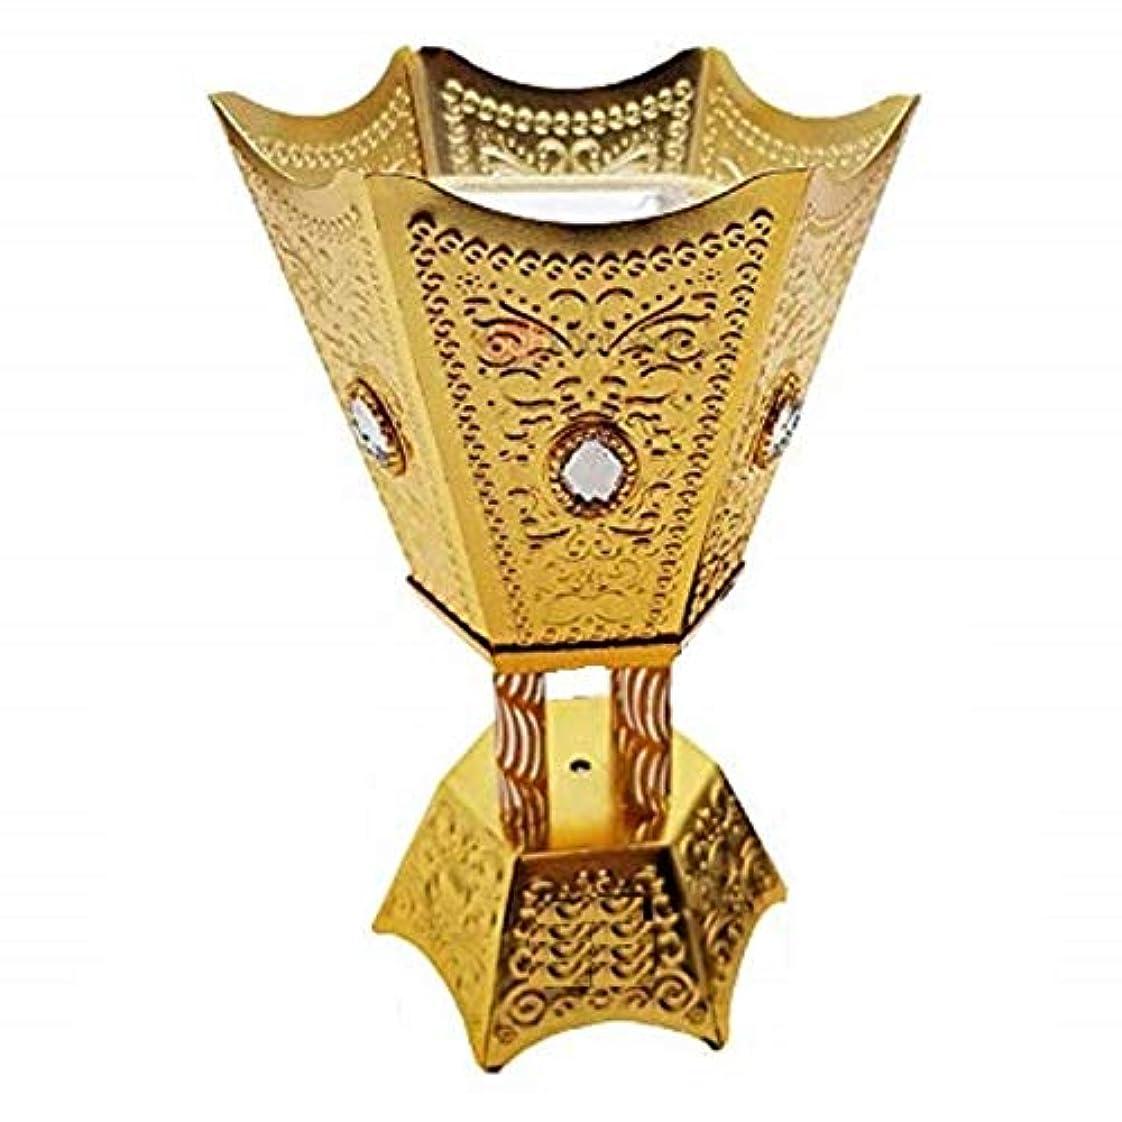 気楽な経度気になるOMG-Deal Incense Burner Charcoal Bakhoor Frankincense Resin – Luxury Hand Painted Burner - WF -001 Golden
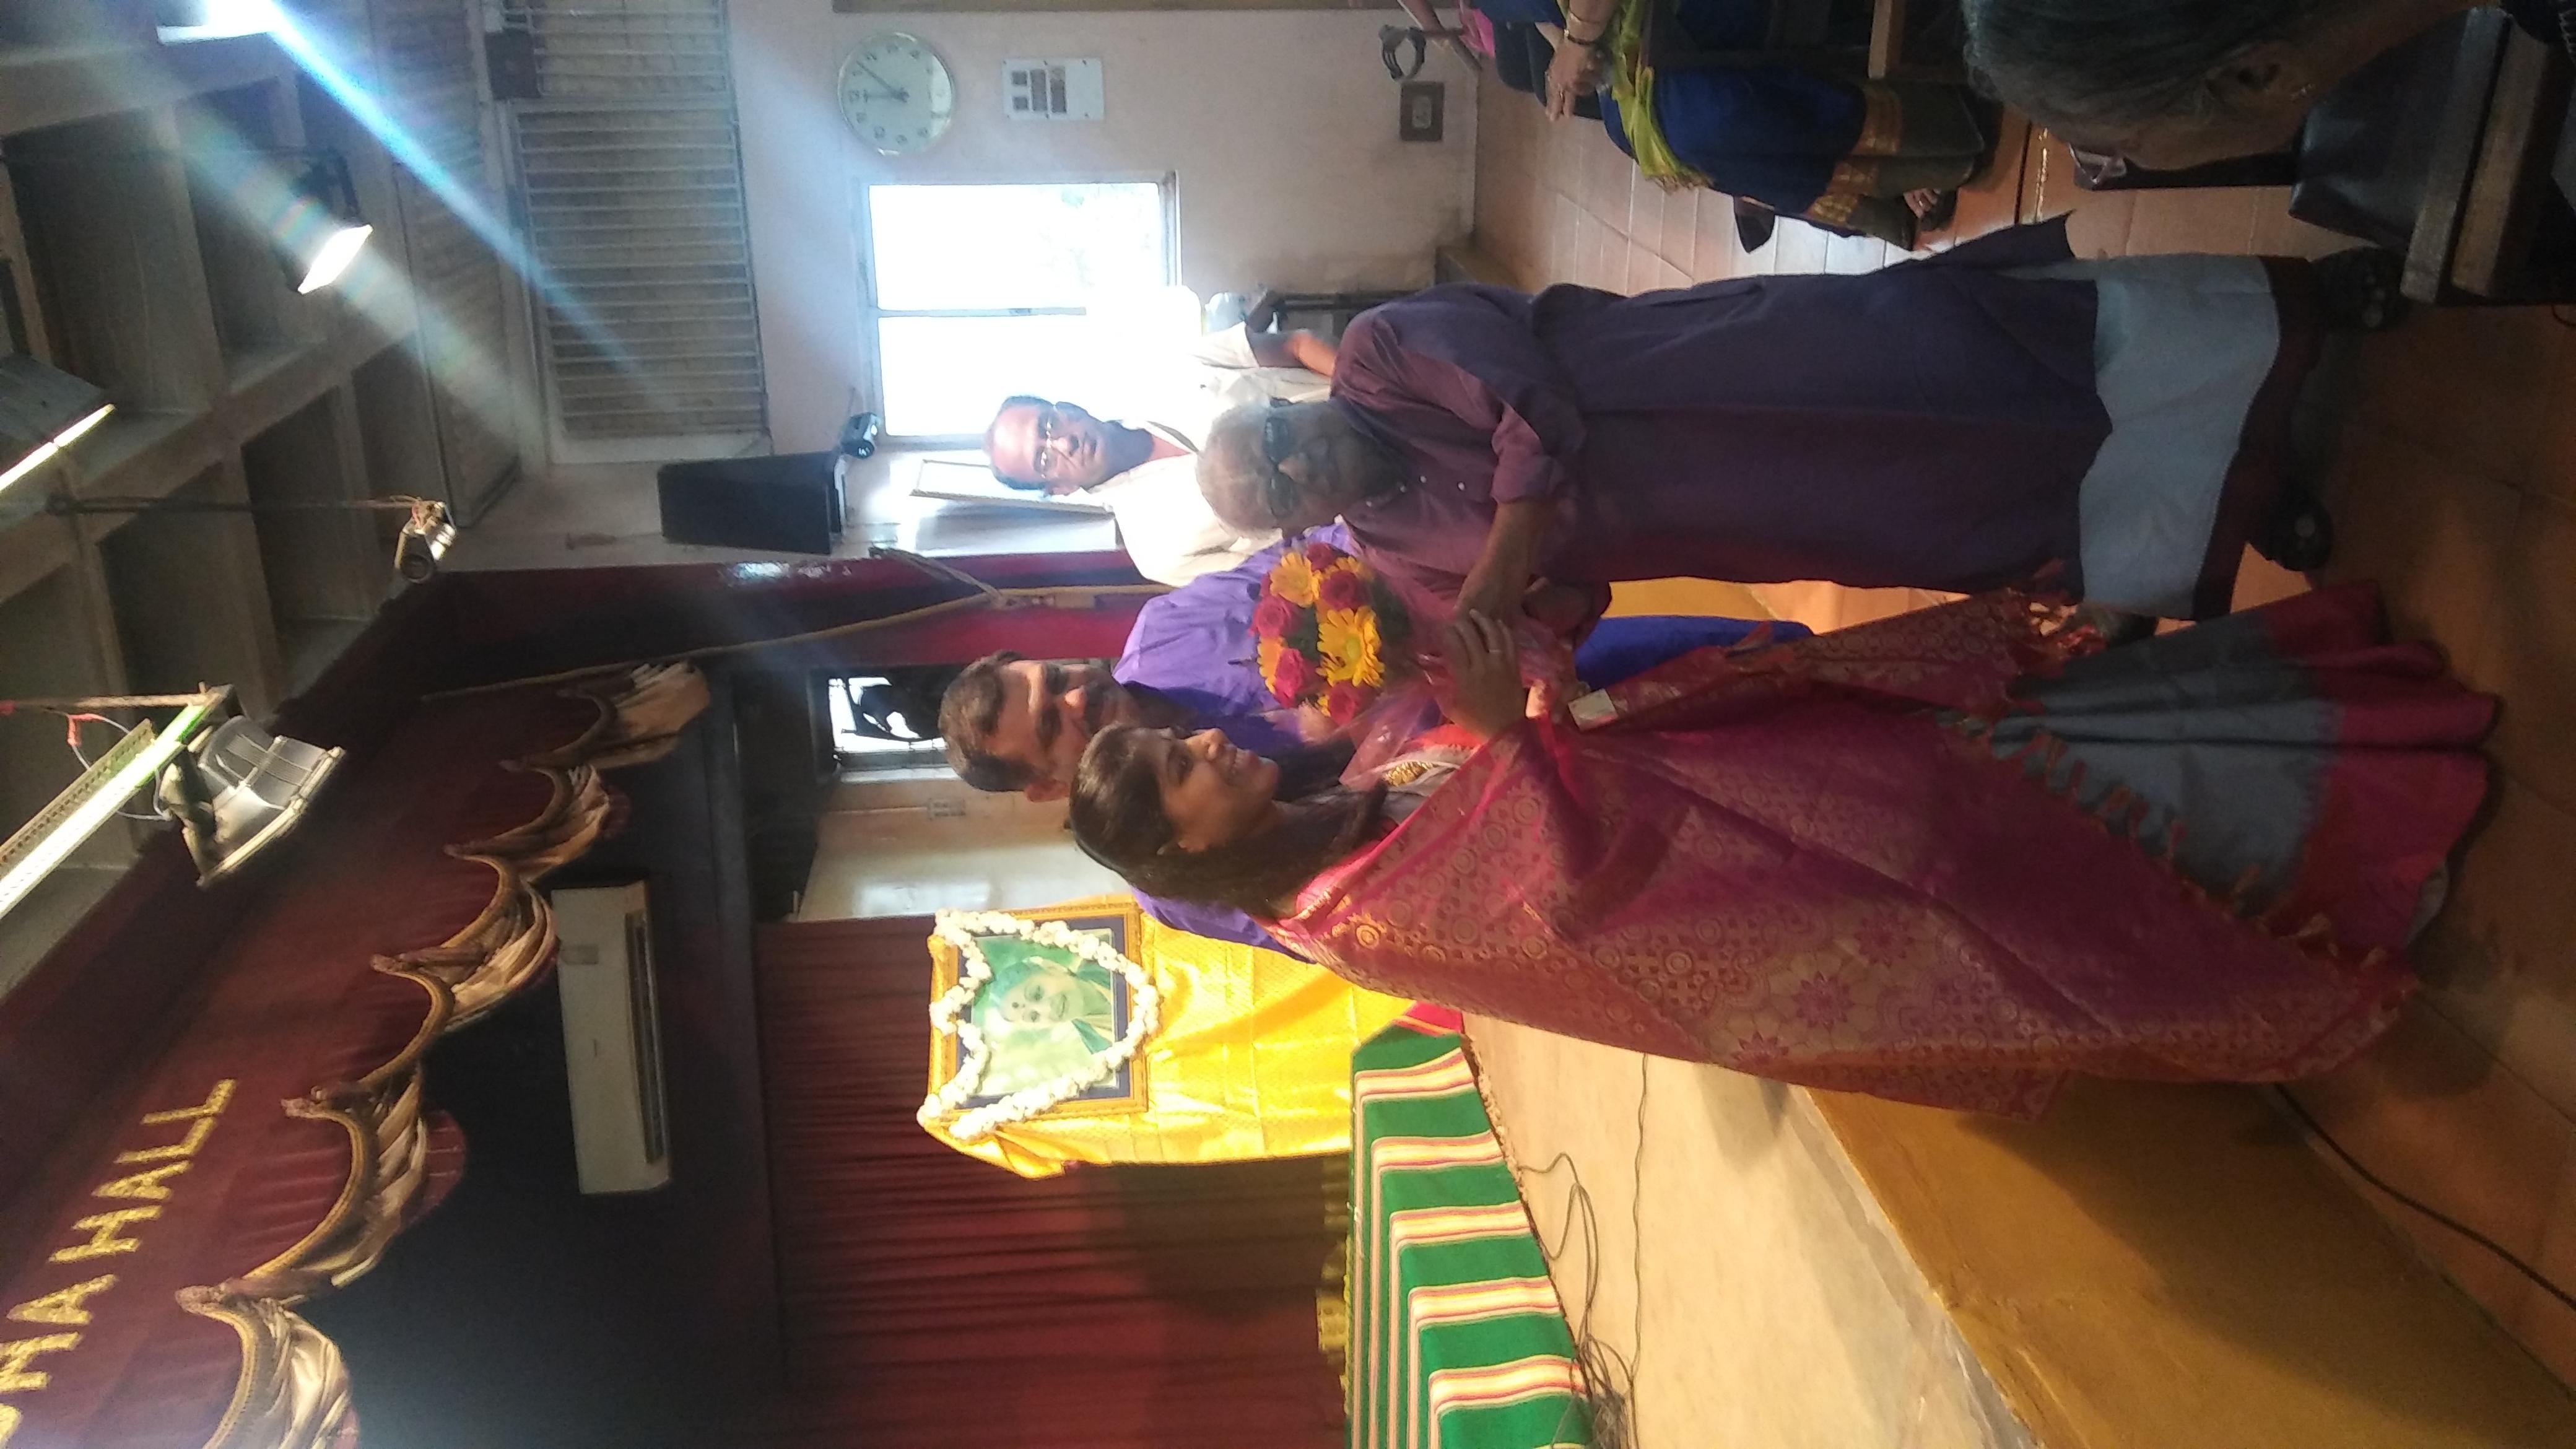 Kiranavali, Dr. T K Murthy & Cheenu
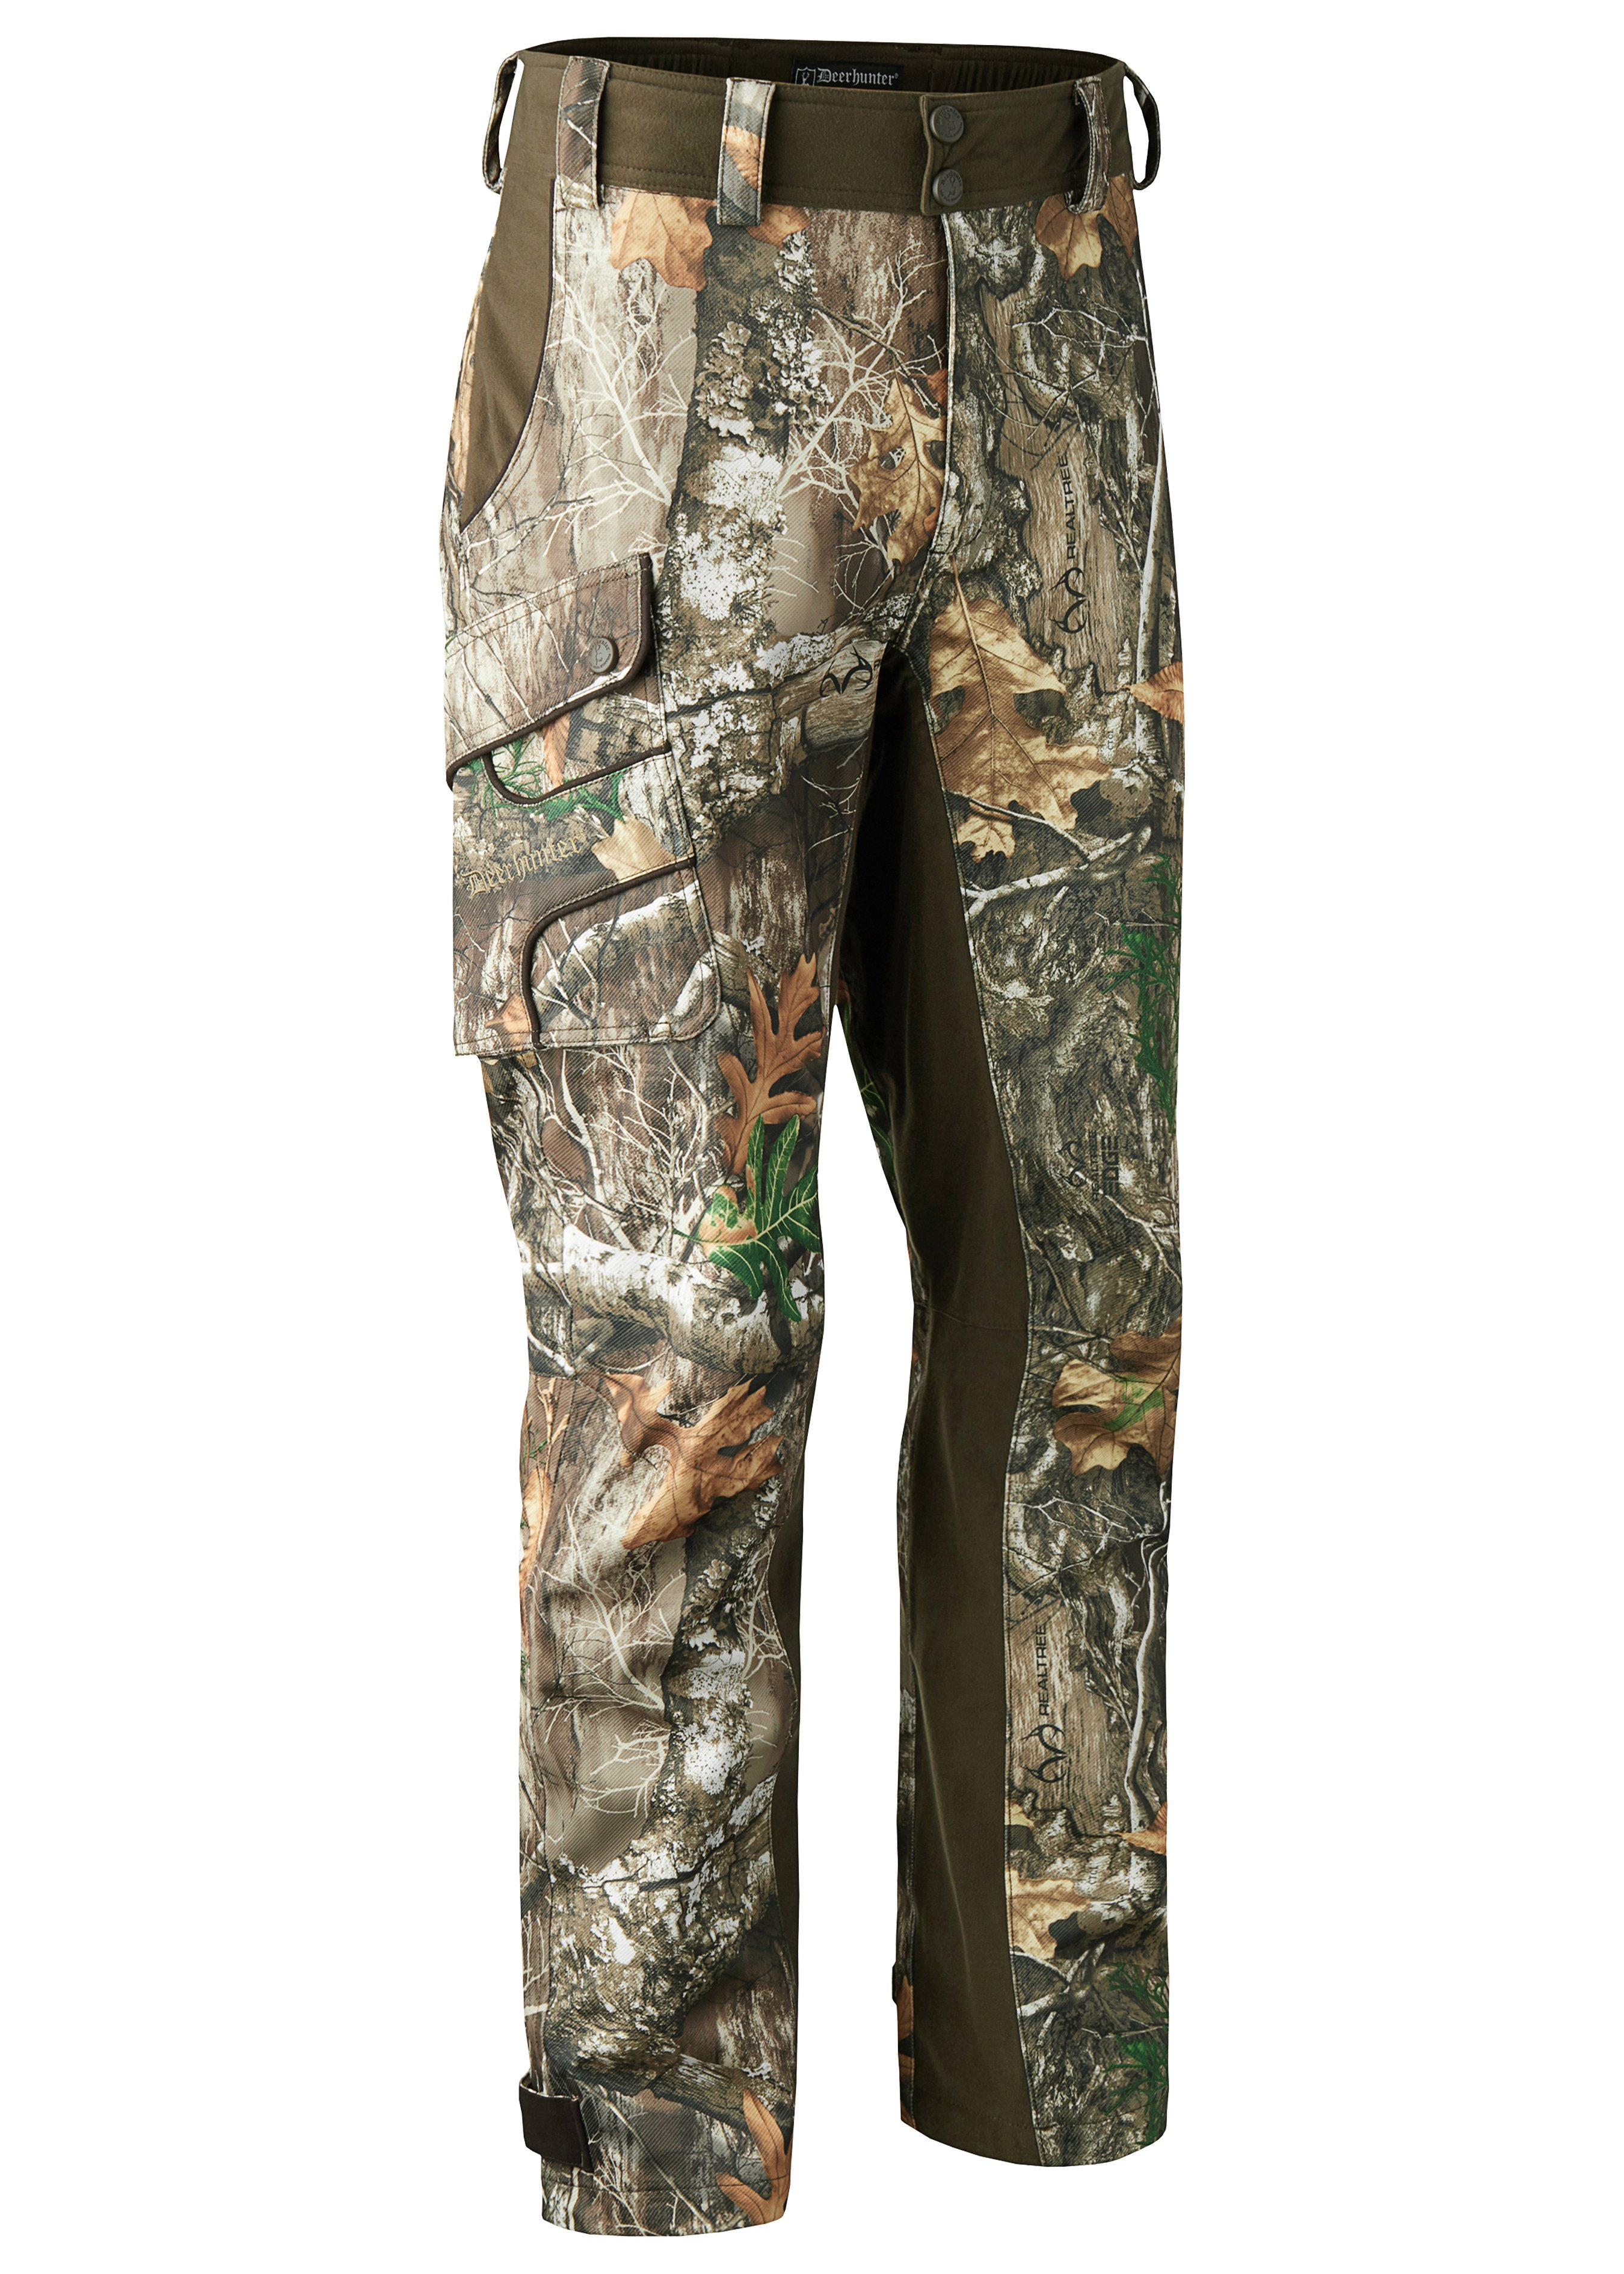 Pantalon de chasse Muflon légère Realtree 22122742 1

[Work request]
Write out the material above exactly; no pictures.

[Task result]
 気楽な経度気になるOMG-Deal Incense Burner Charcoal Bakhoor Frankincense Resin – Luxury Hand Painted Burner - WF -001 Golden
 Kiranavali, Dr. T K Murthy & Cheenu
 Pantalon de chasse Muflon légère Realtree 22122742 1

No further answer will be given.